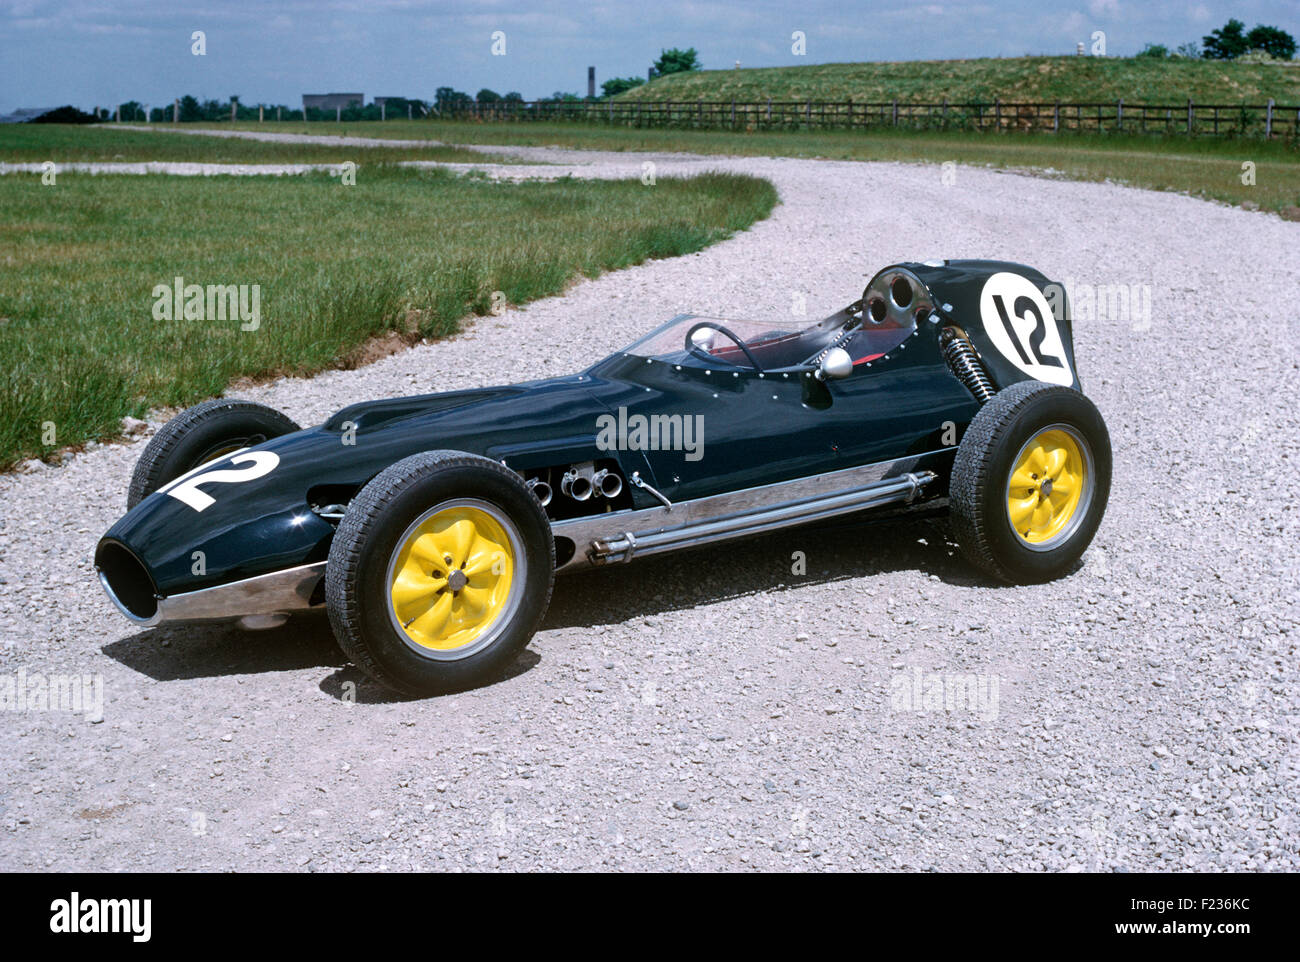 Foto SALONE DI DONINGTON COLLECTION 1958-59 Lotus-Climax Tipo 16 Foto Stock
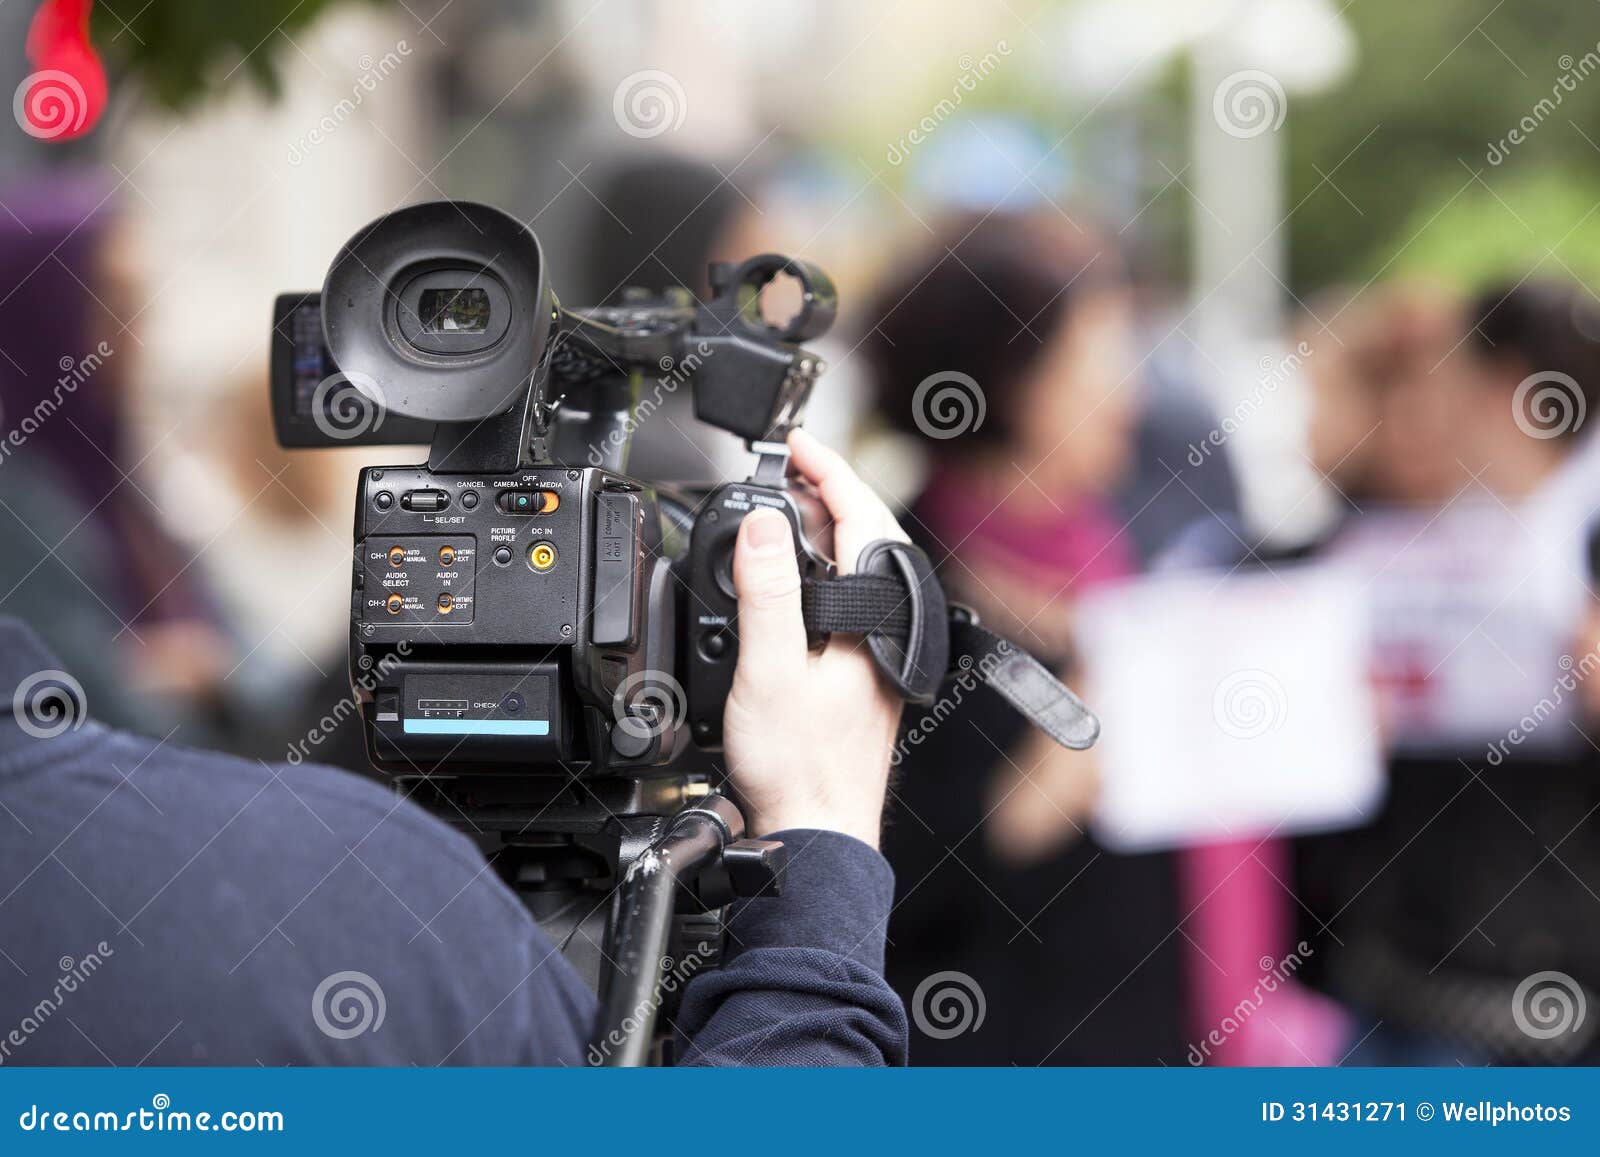 Cameraman stock image. Image of information, broadcasting - 31431271
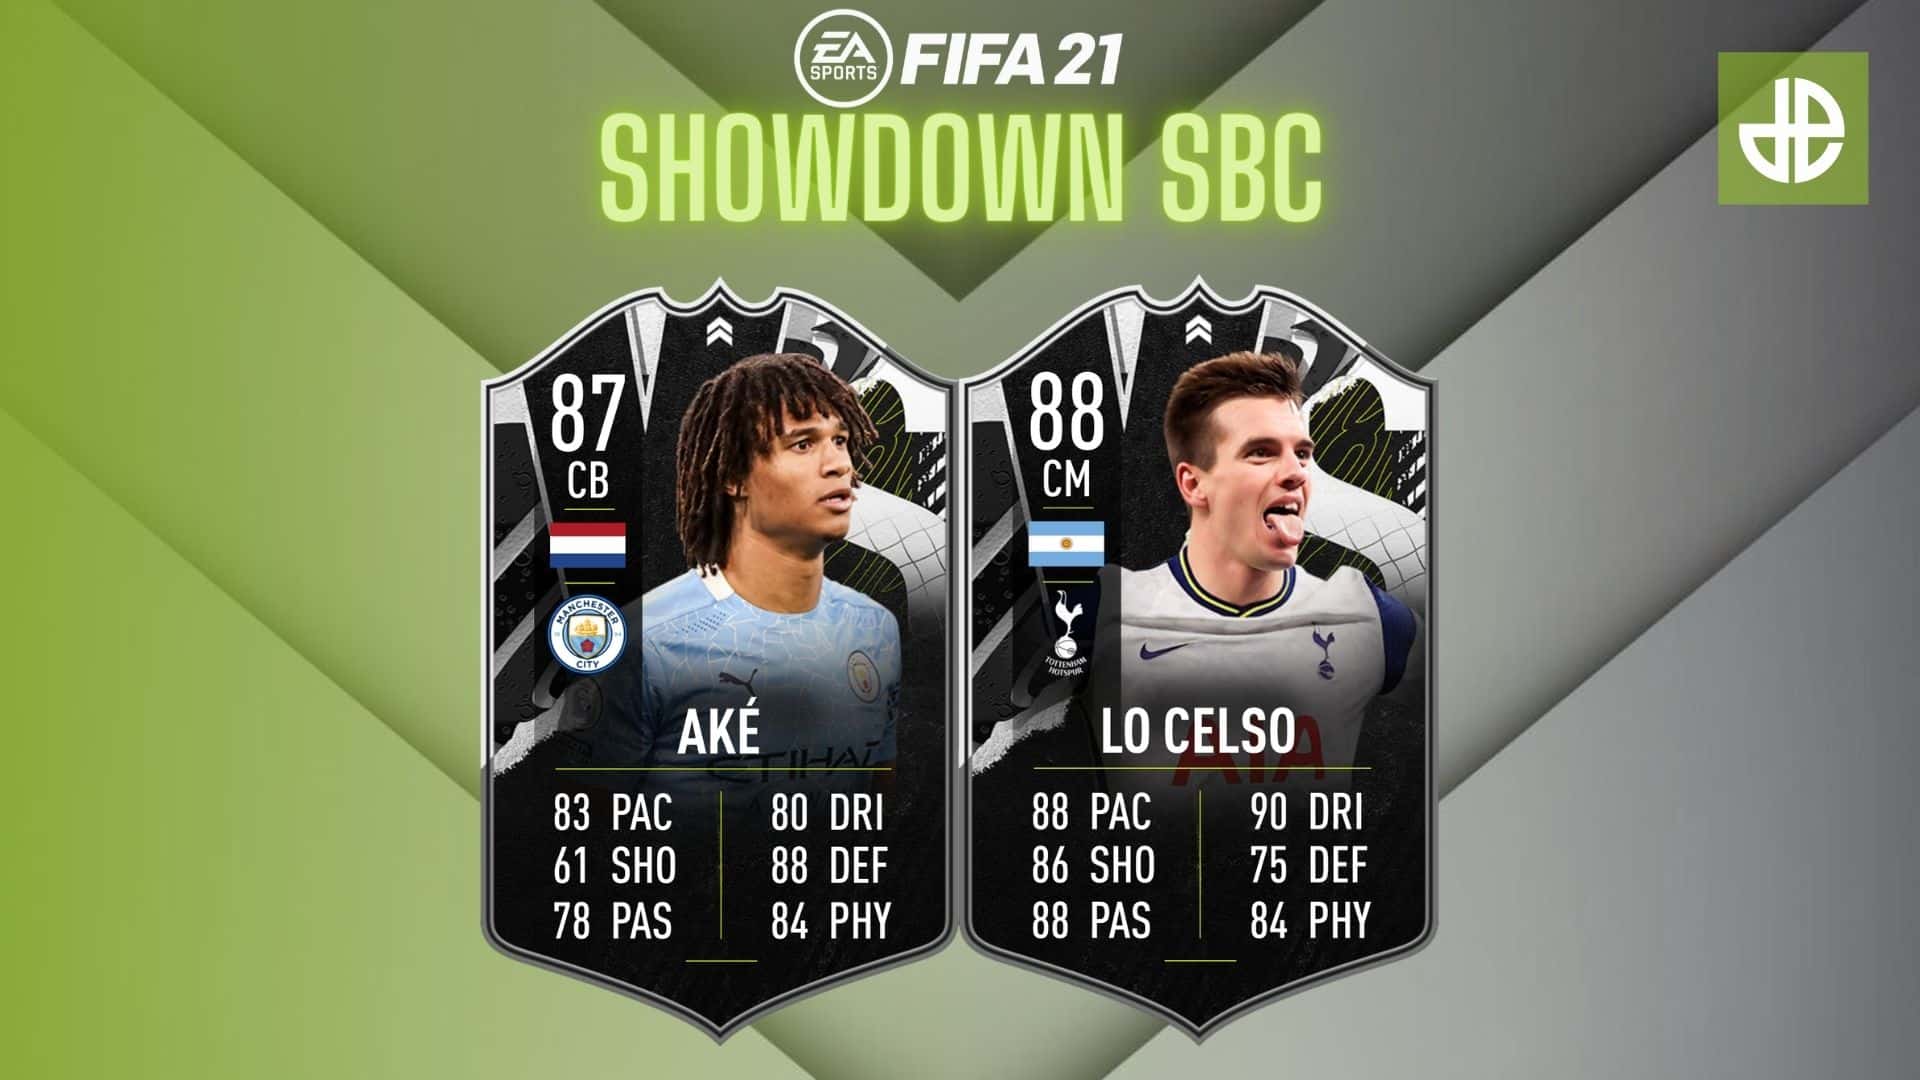 Ake & Lo Celso FIFA 21 Showdown SBC guide
::::
WHAT THE TASK ASKS> Reproduce the whole listing above word for word, but not its pictures.

WRITTEN ANSWER>
 Foto SALONE DI DONINGTON COLLECTION 1958-59 Lotus-Climax Tipo 16 Foto Stock
 Cameraman stock image. Image of information, broadcasting - 31431271
 Ake & Lo Celso FIFA 21 Showdown SBC guide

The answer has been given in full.